Before I give a straight answer to this, I want to introduce a somewhat abstract model of a computer and its workings. This model, which was invented by A. M. Turing, is easy to visualize and is susceptible to rigorous mathematical analysis. Most of the theory of computation is based upon it. As it turns out, the model is quite general enough for our purposes.

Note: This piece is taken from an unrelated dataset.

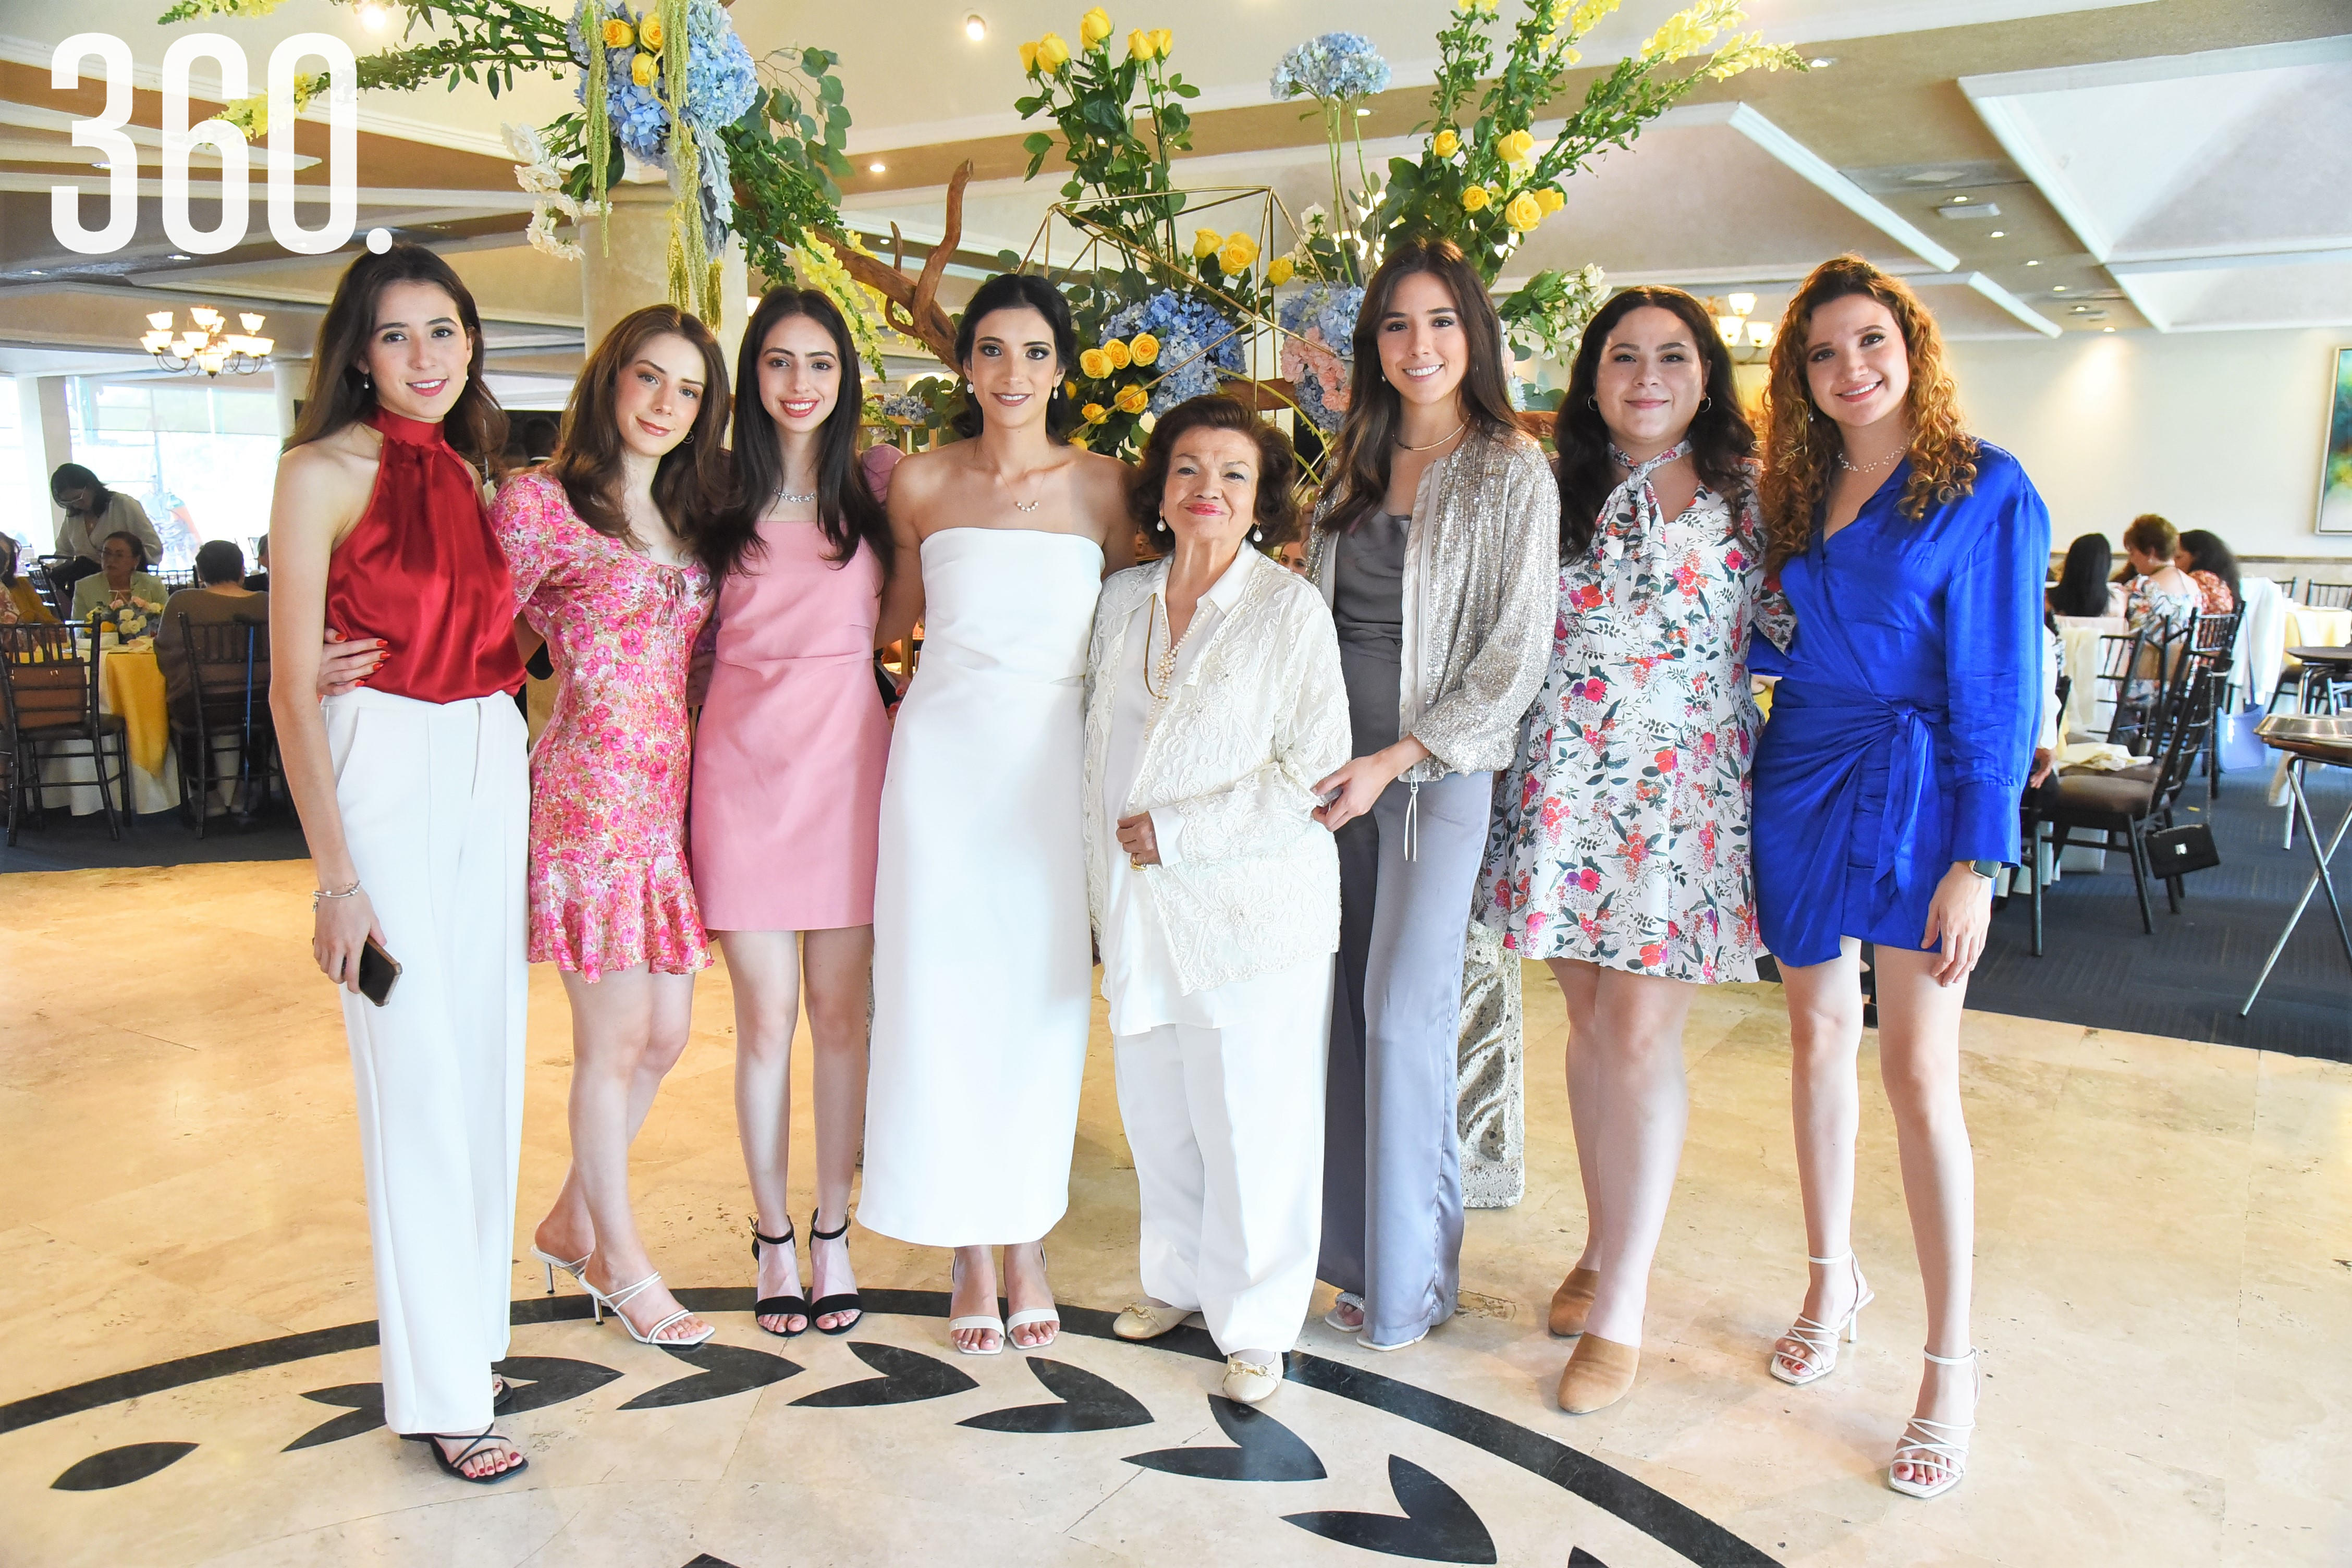 Cristel Sosa, Sofía, Regina, Mariel Medrano, Yolanda Flores de Medrano, Alexa Sosa, Karla Cárdenas y Stephania Sosa.

A Turing machine  is a very simple idealized computer. It consists of a small central processing unit with a memory of only a few bits---what is technically known as a "finite-state automaton," since it only has a finite number of different internal memory states. The CPU can read or write binary digits on an infinite computer tape as it moves back and forth according to its own very simple, hard-wired rules. This single tape serves as the Turing machine's input, program, bulk memory, output, and perhaps "garbage" storage. (We can imagine modified Turing machines with more than one tape, but one is all that is really necessary.)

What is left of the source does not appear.